You are viewing a plain text version of this content. The canonical link for it is here.
Posted to dev@pdfbox.apache.org by "Michał Pomarański (JIRA)" <ji...@apache.org> on 2019/02/20 14:51:00 UTC
[jira] [Updated] (PDFBOX-4470) Red areas around text when
converting a pdf to png with pdfbox
[ https://issues.apache.org/jira/browse/PDFBOX-4470?page=com.atlassian.jira.plugin.system.issuetabpanels:all-tabpanel ]
Michał Pomarański updated PDFBOX-4470:
--------------------------------------
Description:
I'm trying to convert a pdf to png file using pdfbox.
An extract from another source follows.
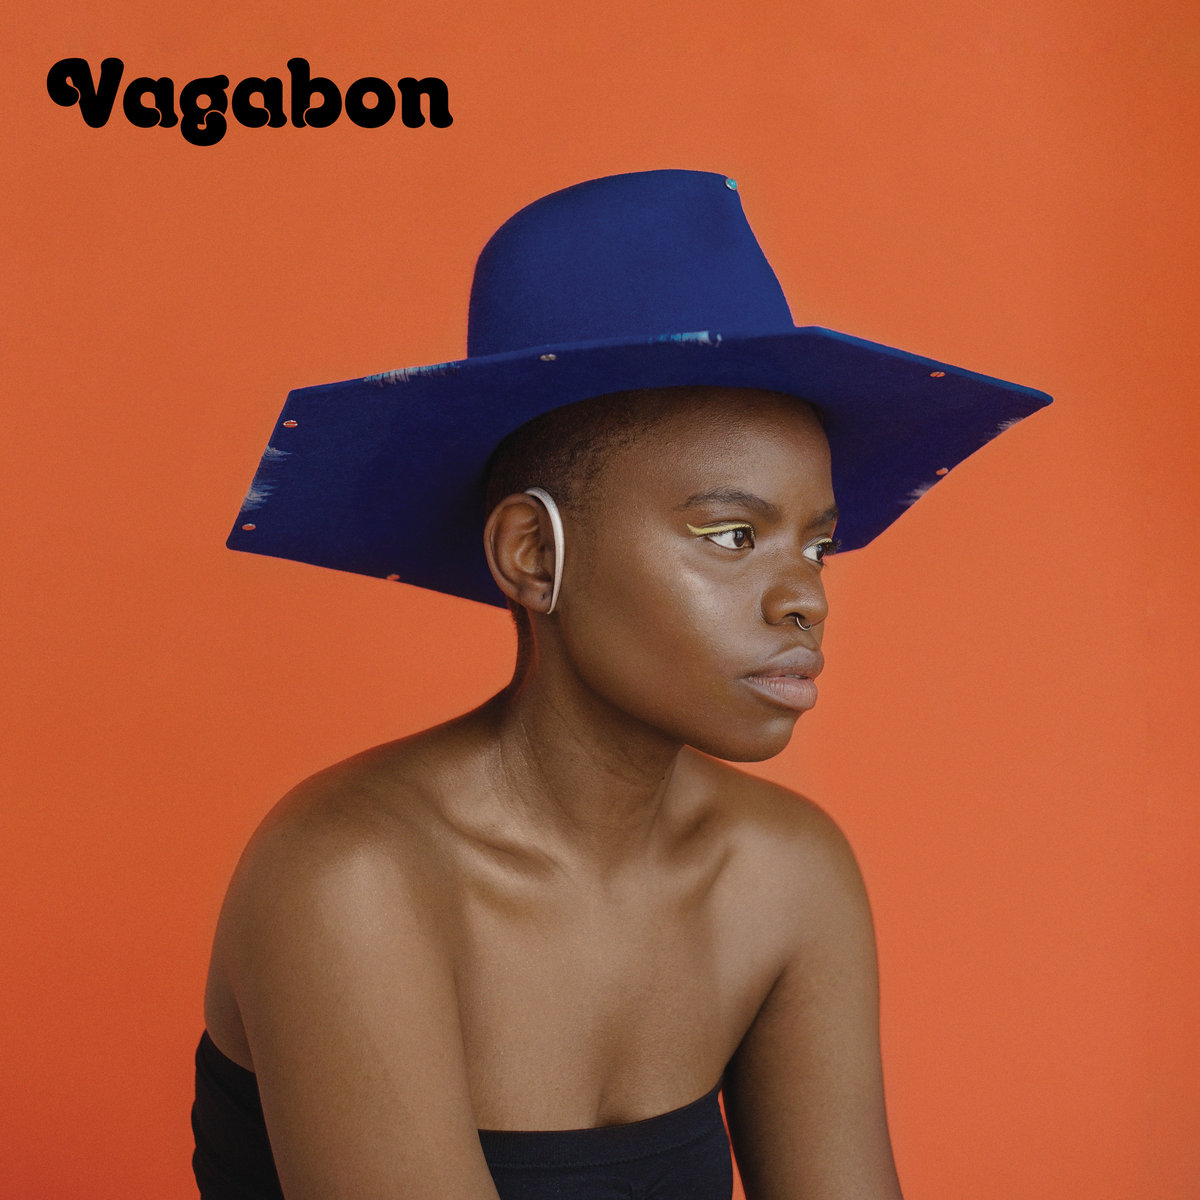 Image result for vagabon album cover

Unfortunately in the result I get weird red areas in some places of the output. I'm not sure what's the problem. It's a problem with only some of the pdf files.
Here's some of the code that I'm using:
{code:java}
public static BufferedImage generateFromPdf(String ref, InputStream stream, int pageIndex, PreviewMode mode) throws IOException {
PDDocument doc = null;
try (InputStream buffered = new BufferedInputStream(stream)) {
doc = PDDocument.load(buffered, PDF_LOADING_MEMORY_SETTING);
if (pageIndex > doc.getNumberOfPages())
{ return null; }
PDFRenderer renderer = new PDFRenderer(doc);
return rasterizePdfBox(ref, pageIndex, renderer, mode);
} finally {
if (doc != null)
{ doc.close(); }
}
}
{code}
and then:
{code:java}
private static BufferedImage rasterizePdfBox(String ref, int pageIndex, PDFRenderer renderer, PreviewMode mode) throws IOException {
Future<BufferedImage> result = executorService.submit(() ->
{ LOGGER.info(String.format("Generate preview for ref: %s, page: %s, mode: %s ", ref, pageIndex, mode.name())); return renderer.renderImageWithDPI(pageIndex - 1, mode.getDpi(), ImageType.RGB); }
);
try
{ return result.get(); }
catch (InterruptedException | ExecutionException e)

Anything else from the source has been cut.